0112 - **Unmatched Rucio** — a registered EVGEN dataset that no request claims.
0113 Either it is produced outside the catalogue, or the catalogue spells the
0114 request differently.
0115
0116 Both unmatched populations are discoverability targets for the catalog UI: an
0117 operator reconciles them by adding or correcting a request, or by registering
0118 the missing data.
0119
0120 ## Current state
0121
0122 Implemented: the assimilation sweep, the input matcher, and the catalog
0123 "Update EVGEN from Rucio" button (the production operations agent runs the sweep
0124 with apply and the page refreshes on completion). On the assimilated inventory
0125 the matcher resolves the DIS NC pythia8 samples (with the Q² fan-out above) and
0126 one beam-gas background; SIDIS and other classes fall to unmatched where the
0127 registered version, charge, or class differs from the request, as designed. Not
0128 yet implemented: the catalog UI surfacing of the matched and unmatched
0129 populations, and consuming a matched EVGEN dataset as a payload-staged
0130 submission input.
0131
0132 ## Related
0133
0134 - [JEDI_INTEGRATION.md](JEDI_INTEGRATION.md) — submission design; the single-Rucio constraint and the payload-staged input mode.

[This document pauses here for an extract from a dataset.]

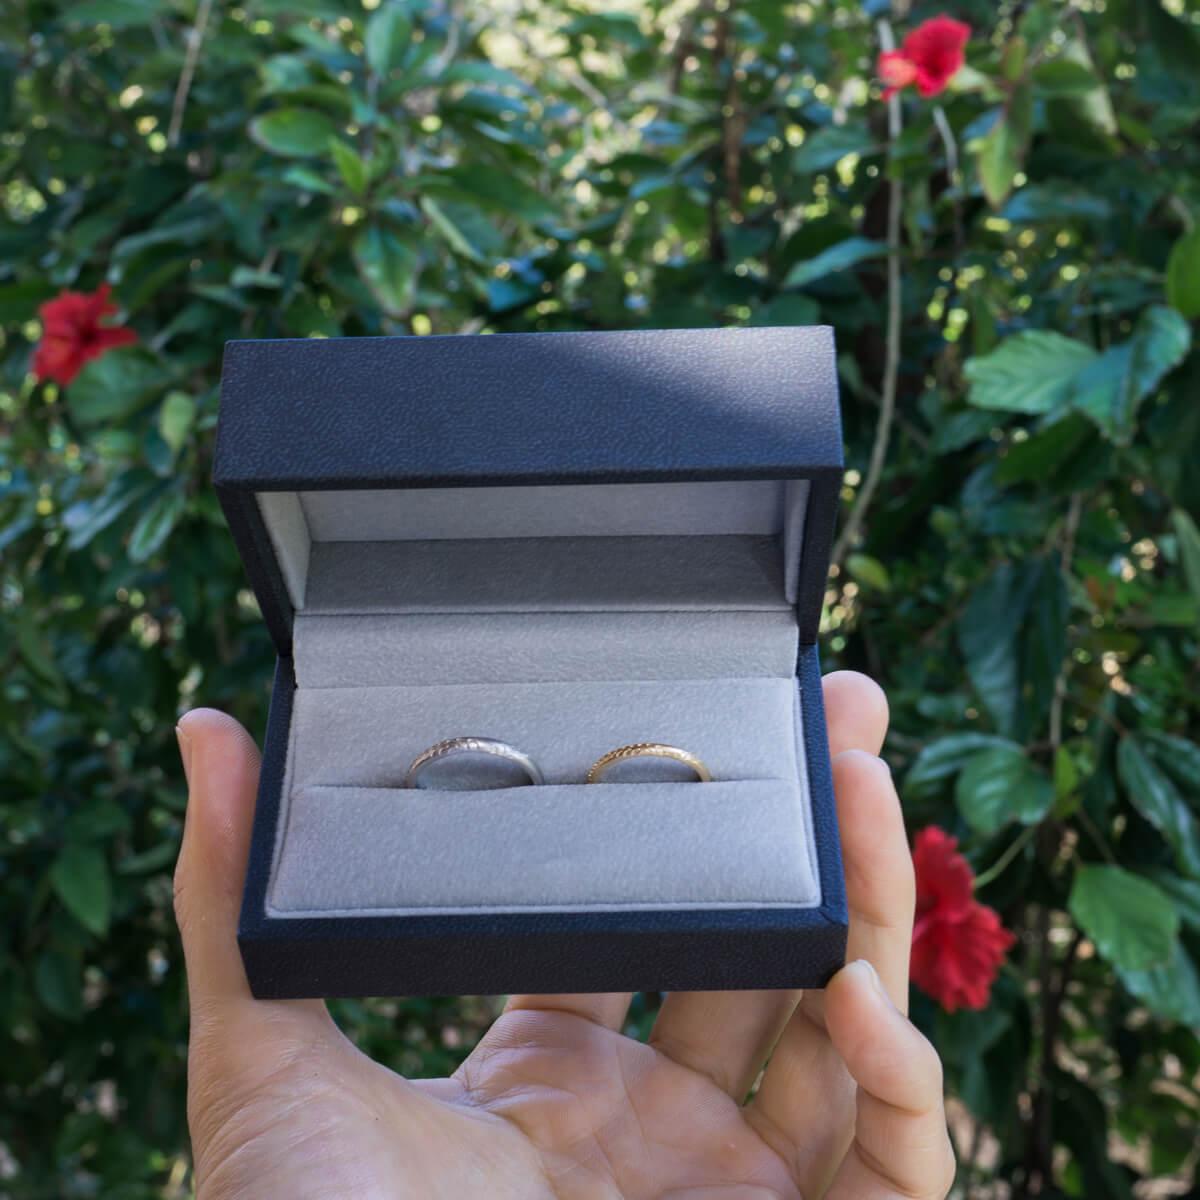 ケースの中のオーダーメイド結婚指輪 屋久島の緑バック 屋久島のシダモチーフ ゴールド、プラチナ 屋久島でつくる結婚指輪

0135 - [EPICPROD_DATA_LINEAGE.md](EPICPROD_DATA_LINEAGE.md) — the produced-output sibling: gathering RECO/FULL Rucio references onto the catalog.
0136 - [EPICPROD_TASK_CATALOG.md](EPICPROD_TASK_CATALOG.md) — the production task catalog and its filters.
0137 - [PCS.md](PCS.md) — the configuration and dataset-identity model.